The crop residue chopper 116 also includes a counterknife system comprising a counterknife shaft 128 to which counterknives 134 are attached by one or more bolts, screws, or other fasteners. In this case, the counterknives 134 are attached to the counterknife shaft 128 by knife holders 132 having one or more counterknives 134 mounted thereon. The knife holders 132 may be integral to the counterknife shaft 128, or separate parts that are attached to the counterknife shaft 128. Any number of counterknives 134 may be attached along the length of the counterknife shaft 128. The counterknife shaft 128 and knife holders 132 (excluding the counterknives 134) are referred to herein as the counterknife shaft unit.

The counterknife shaft 128 is mounted at a fixed location relative to an outer surface 120′ of the cutting chamber housing 120, and is rotatable about a counterknife shaft rotation axis 136 that extends parallel to the cutting knife rotation axis 124′. The outer surface 120′ is generally cylindrical about the cutting knife rotation axis 124′, at least at the location adjacent to the counterknife assembly. The counterknife shaft 128 and knife holders 132 (i.e., the counterknife shaft unit) are rotatable through a range of motion between a first position (FIG. 4) and a second position (FIG. 3).

The counterknife shaft 128 may be fixed in the desired position using any suitable structure. In this case, the counterknife shaft 128 is mounted on two or more counterknife shaft supports 160 by bearings, bushings or the like. The counterknife shaft supports 160 may be secured to the housing 120, or to a portion of the housing 120 defined by a removable chopper pan 150. In other cases, the counterknife shaft supports 160 may be mounted to other structures, such as another part of the chopper assembly or the chassis of the vehicle.
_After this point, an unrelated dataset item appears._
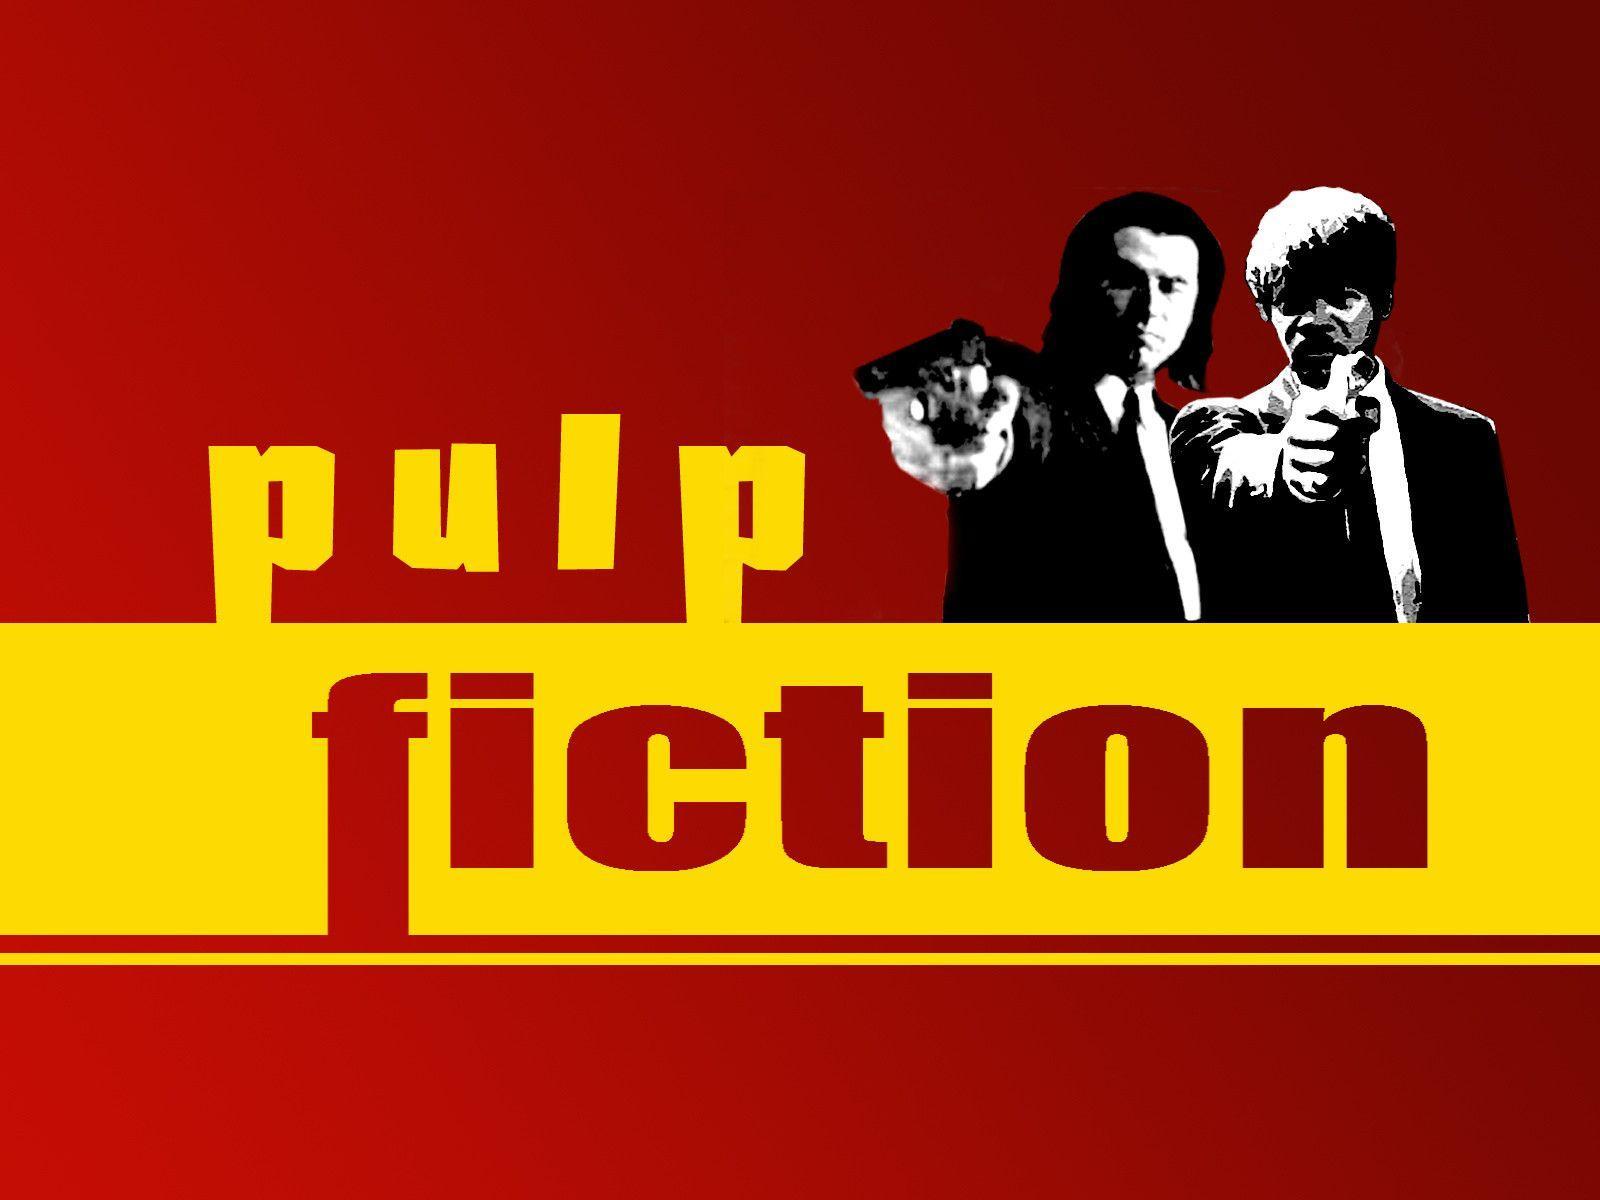 Pulp Fiction Wallpaper   Large HD Wallpaper Database

Other alternatives and embodiments will be apparent to persons of ordinary skill in the art in view of the present disclosure.

The counterknife shaft 128 may be rotated between the first and second positions using any suitable drive mechanism. In the shown example, one or more lever arms 174 are secured at one end to the counterknife shaft 128 and at the other end to respective drive links 180. The drive links 180 connect to drive levers 182 mounted to the chopper pan 150 or to any other suitable structure, such as the vehicle chassis 102. The drive levers 182 are secured to a common rotatable drive shaft 184, so that the drive levers 182 rotate in unison about the drive shaft's rotation axis, which preferably is parallel to the counterknife shaft rotation axis 136. The drive shaft 184 is rotated about its axis by an actuator (not shown), such as a hydraulic piston and cylinder assembly that is secured to the drive shaft 184 by a drive lever, gears, a chain and sprocket assembly, or the like. Other alternatives and embodiments will be apparent to persons of ordinary skill in the art in view of the present disclosure.
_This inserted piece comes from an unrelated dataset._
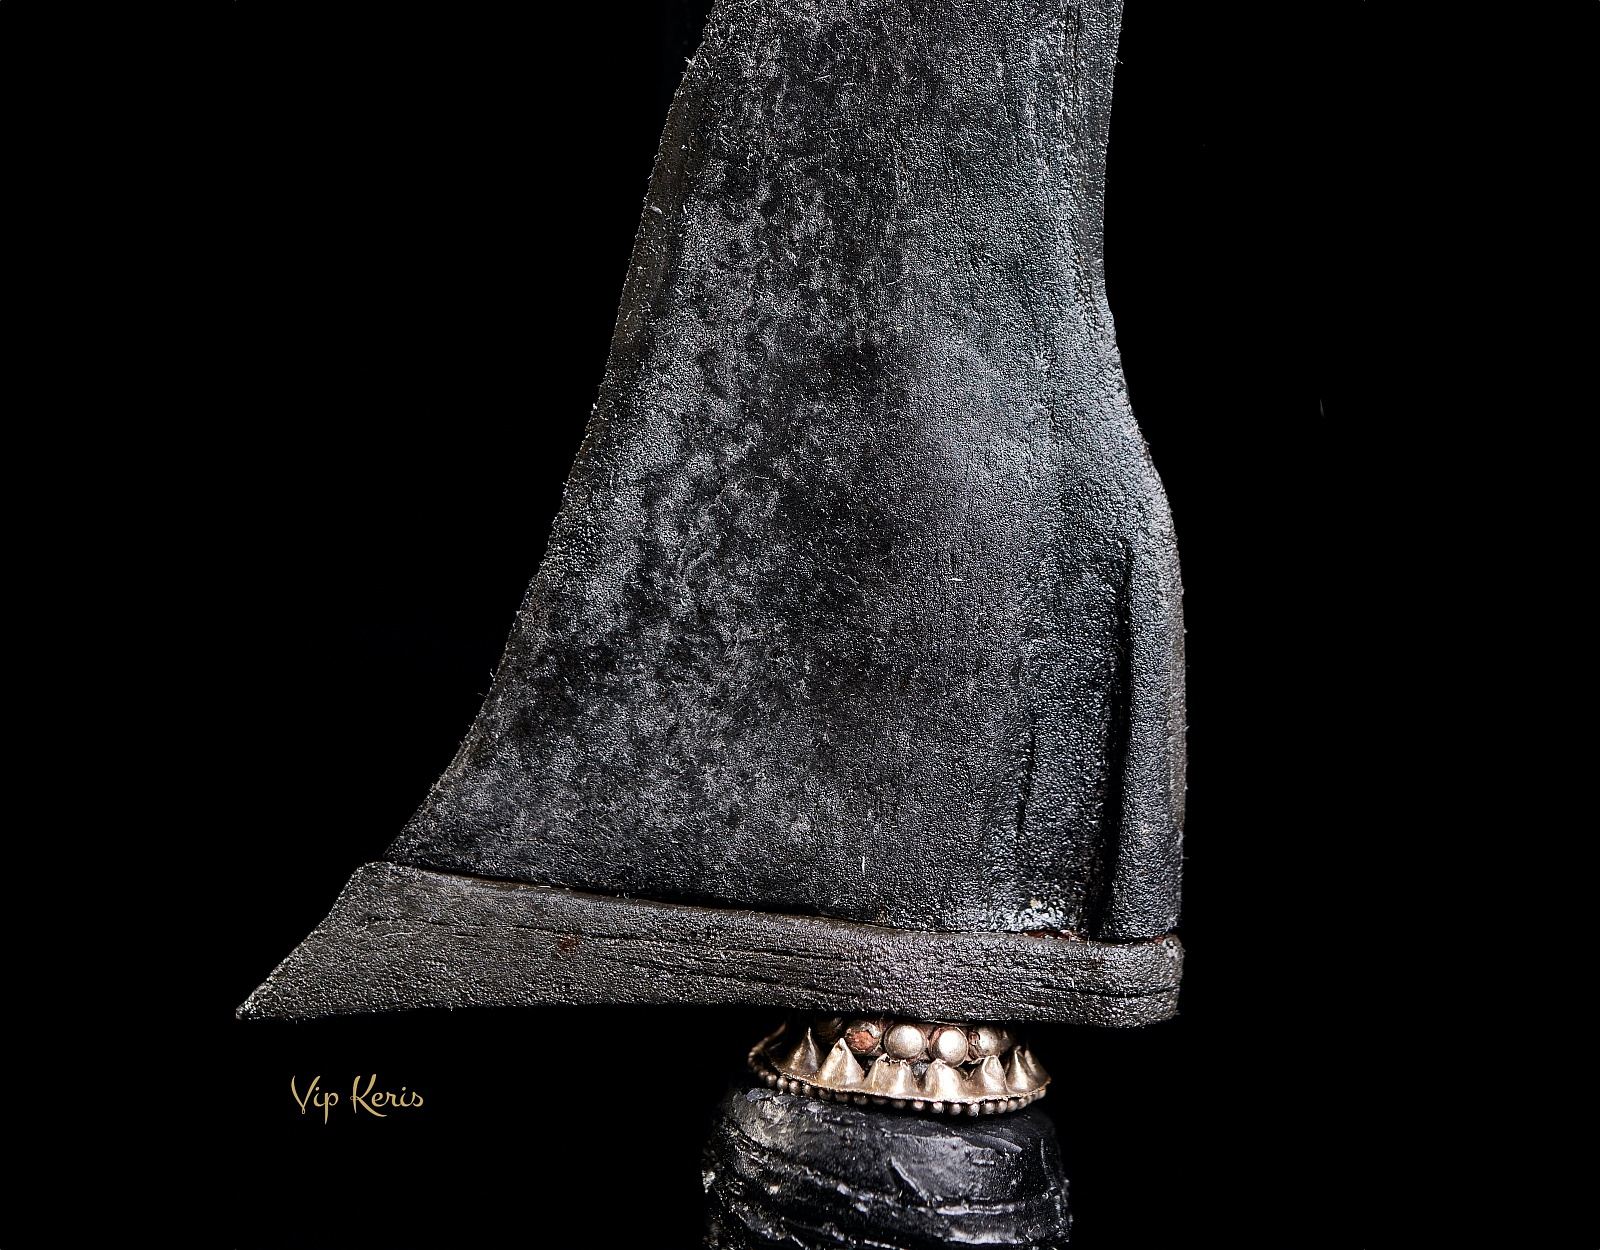 Кинжал Крис Bethok brojol, 5 аркан фото VipKeris

The counterknives 134 are secured to the counterknife shaft unit, and rotate with the counterknife shaft unit between the first and second positions. FIGS. 2 and 4 show the counterknife shaft unit in the first position. In this position, the counterknives 134 are spaced a first distance from the cutting knife rotation axis 124′, and may be completely outside the cutting chamber 122, or partially within the cutting chamber 122. In some cases, the edges of the counterknives 134 may be at or slightly within the boundary of the cutting chamber outer surface 120′, such that any gap between the counterknives 134 and cutting chamber outer surface 120′ is minimized or reduced to zero.
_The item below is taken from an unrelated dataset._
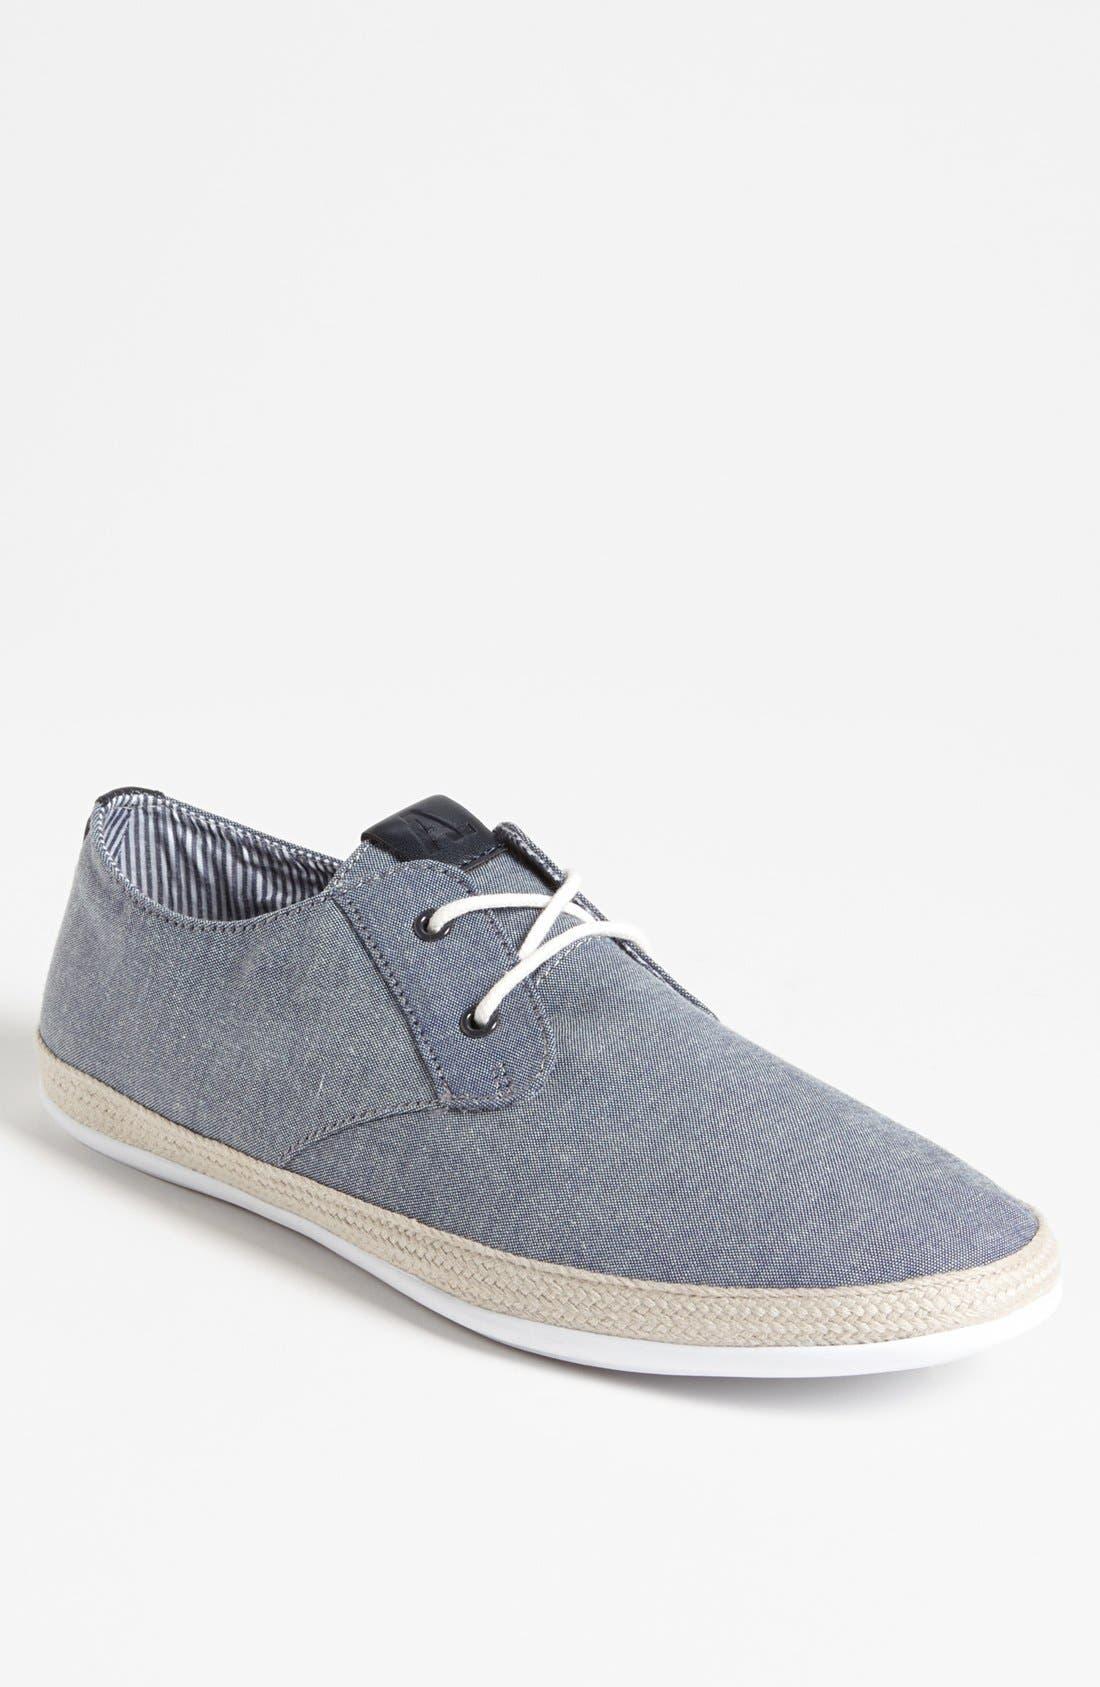 Alternate Image 1 Selected - ALDO 'Stein' Sneaker

FIG. 3 shows the counterknife shaft unit in the second position. In this position, the counterknives 134 are spaced a second distance from the cutting knife rotation axis 124′, with the second distance being less than the first distance. This is the fully-extended position of the counterknives 134, in which they intermesh to the greatest degree with the cutting knives 126. The counterknife shaft unit also may be located at any position between the first and second positions to locate the counterknives 134 at intermediate locations relative to the cutting knives 126.

The counterknife shaft unit may comprise a single part, or an assembly of parts. In the shown embodiment, the counterknife shaft unit comprises a counterknife shaft 128 having a circular or other geometric profile (e.g. square or hexagonal), and the knife holders 132 are separate parts that are secured to the counterknife shaft 128 by removable fasteners 148 (e.g., bolts, pins, etc.) or by permanent fixation (e.g., welding). Other alternatives and embodiments will be apparent to persons of ordinary skill in the art in view of the present disclosure.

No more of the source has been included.